Routing a path isnt actually the hard problem here, it's the gap between how people describe what they want and what a router can optimize. Someone types "a slow Sunday-morning kind of walk" or "bookshops and quiet streets," and something has to turn that unbounded human mood into concrete, scored weights across seventeen place categories plus quiet/green/lively modifiers. No lookup table or keyword list maps open-ended language onto a route. The model is the bridge and then it writes the itinerary that explains, in your own words, why each chosen stop matches what you asked for.

Small is the point, not a constraint to grumble about. Routing stays pure classical algorithm; the model is load-bearing in exactly two places —> interpretation and narration — and both fit a 1B. Your taste profile never has to leave the Space; there are no accounts and no external inference API.

Walking skeleton first, AI last

The strategy we committed to on the build log's first line: walking skeleton first, scariest plumbing early, AI added only after a manual-weight router already works. Each brick had a definition-of-done and a test, and wasn't left until green. The first bricks contained no AI at all.

The boring-but-scary plumbing came first: download the Paris walk network via OSMnx into a graph of 77,454 nodes and 221,688 edges (a 90 MB GraphML), geocode inputs, run Dijkstra, render the polyline on a map. Then the POI layer: 30,357 Paris POIs across 17 curated categories, each with greenness/quietness priors and a confidence score derived from OSM tag richness.

The heart of the system is classical, and it's where the engineering went. We model the detour as the Orienteering Problem — prize-collecting with fixed endpoints, NP-hard in general and solve it with a budgeted greedy heuristic over a submodular reward. The key modeling insight is diversity by design. A naive scorer that just sums point values will happily route you past five cafés, because cafés are everywhere and each scores fine on its own. The submodular reward applies diminishing returns per category: the first café is worth full value, the second much less, the third almost nothing. So a park + a viewpoint + a bookshop beats five cafés not from a hand-tuned penalty, but because the objective itself says variety is worth more than repetition. The solver runs two greedy passes: by raw marginal gain and by reward-per-added-time and keeps the higher-reward feasible result; a single ratio pass alone gets trapped hoarding cheap duplicates. It's tested against a known-optimal synthetic instance, with an explicit diversity-beats-repetition test.

Only once that manual-weight router produced real discovery routes on a real map did any model enter the picture.

What the small models actually do

Two models, both deliberately small, each load-bearing in exactly one place — with graceful fallbacks so the app never breaks:

openbmb/MiniCPM5-1B (1B parameters, standard LlamaForCausalLM, no custom kernels) does two jobs from one set of weights. Call 1 turns your free-text vibe into a scored JSON of category weights. Call 2 writes the first-person itinerary narration. It runs inside the Space on ZeroGPU via @spaces.GPU, weights pulled straight from the Hub — no external inference API, nothing leaves the Space.
BAAI/bge-small-en-v1.5 (~33M parameters, CPU-only) is the fallback interpreter: when no GPU is allocated, the vibe is embedded and matched by cosine similarity against a gloss for each of the 17 categories.

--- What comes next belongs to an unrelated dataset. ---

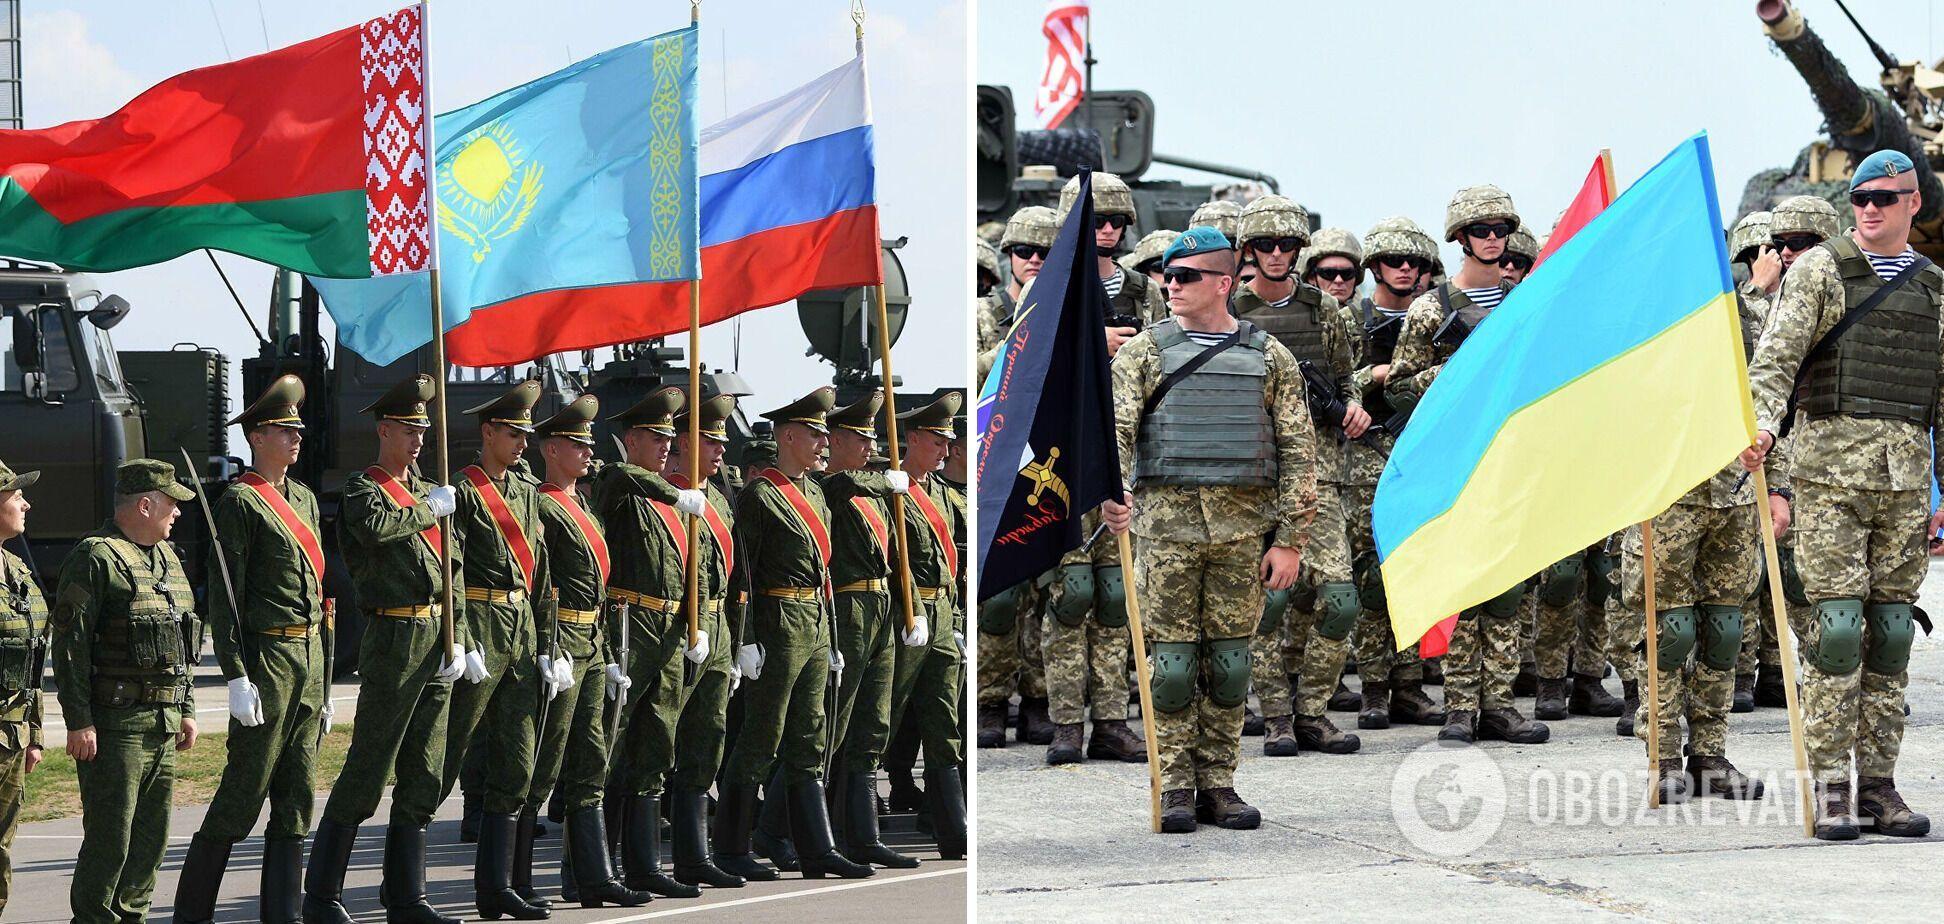 Росіяни готують інформаційний 'Іловайськ'. Але наша армія їм не по зубах

The interpreter is a tiered dispatcher — MiniCPM5-1B → bge-small embeddings → a model-free keyword net → neutral — and every tier returns the same {category: affinity} shape, so the routing engine is oblivious to which one ran. The model is what makes the experience feel like it read your mind; the fallbacks are what keep it standing when ZeroGPU is busy. Narration has the same property: a deterministic, grounded-by-construction template is always available, and the LLM only rewrites it.

The zero-hallucination gate

Letting an LLM narrate a route is exactly the place a hallucination hurts most: the model will cheerfully invent a charming bistro that doesn't exist, and a user might walk there. So narration sits behind a fail-closed grounding verifier. It extracts capitalized place-name spans from the generated text — handling multi-word names and French "de la" chains, and treating "and"/"et" as list-joiners that separate names rather than glue them — and the text passes only if every mention maps to an allowed name: the route's actual waypoints, the start/end, or a curated per-city gazetteer of districts, rivers, and landmarks. Any violation, and the system silently falls back to the deterministic template. The release-gate test plants a hallucinated "Eiffel Tower" and verifies the gate catches it.

The interesting part was getting the gate right, and it took a real adversarial pass to find the holes:

The substring trap. The first version accepted an allowed name being a substring of a longer mention — so if "Café de la Paix" was a real waypoint, the invented "Café de la Paix sur Seine" sailed straight through. The fix inverts the containment: strip common words to a mention's core, then require the core to be a substring of an allowed name, not the reverse. Appending an invented qualifier to a real name is the precise hallucination vector, and it's now closed with a regression test.
The gate vs. good prose. Fail-closed cuts both ways: a too-strict gate rejected genuinely grounded, evocative writing — a guide naming the Marais, the Seine, or the Latin Quarter — and silently dropped the app back to template narration every time. We watched this happen in the live inference traces. The fix was the per-city gazetteer plus a vocabulary of era/architecture adjectives and generic geographic nouns ("river," "quarter," "bridge"), so the model can write like an actual city guide and scene-set, while a distinctive token like "Eiffel" still has to match a real allowed name. The guarantee holds; the prose breathes.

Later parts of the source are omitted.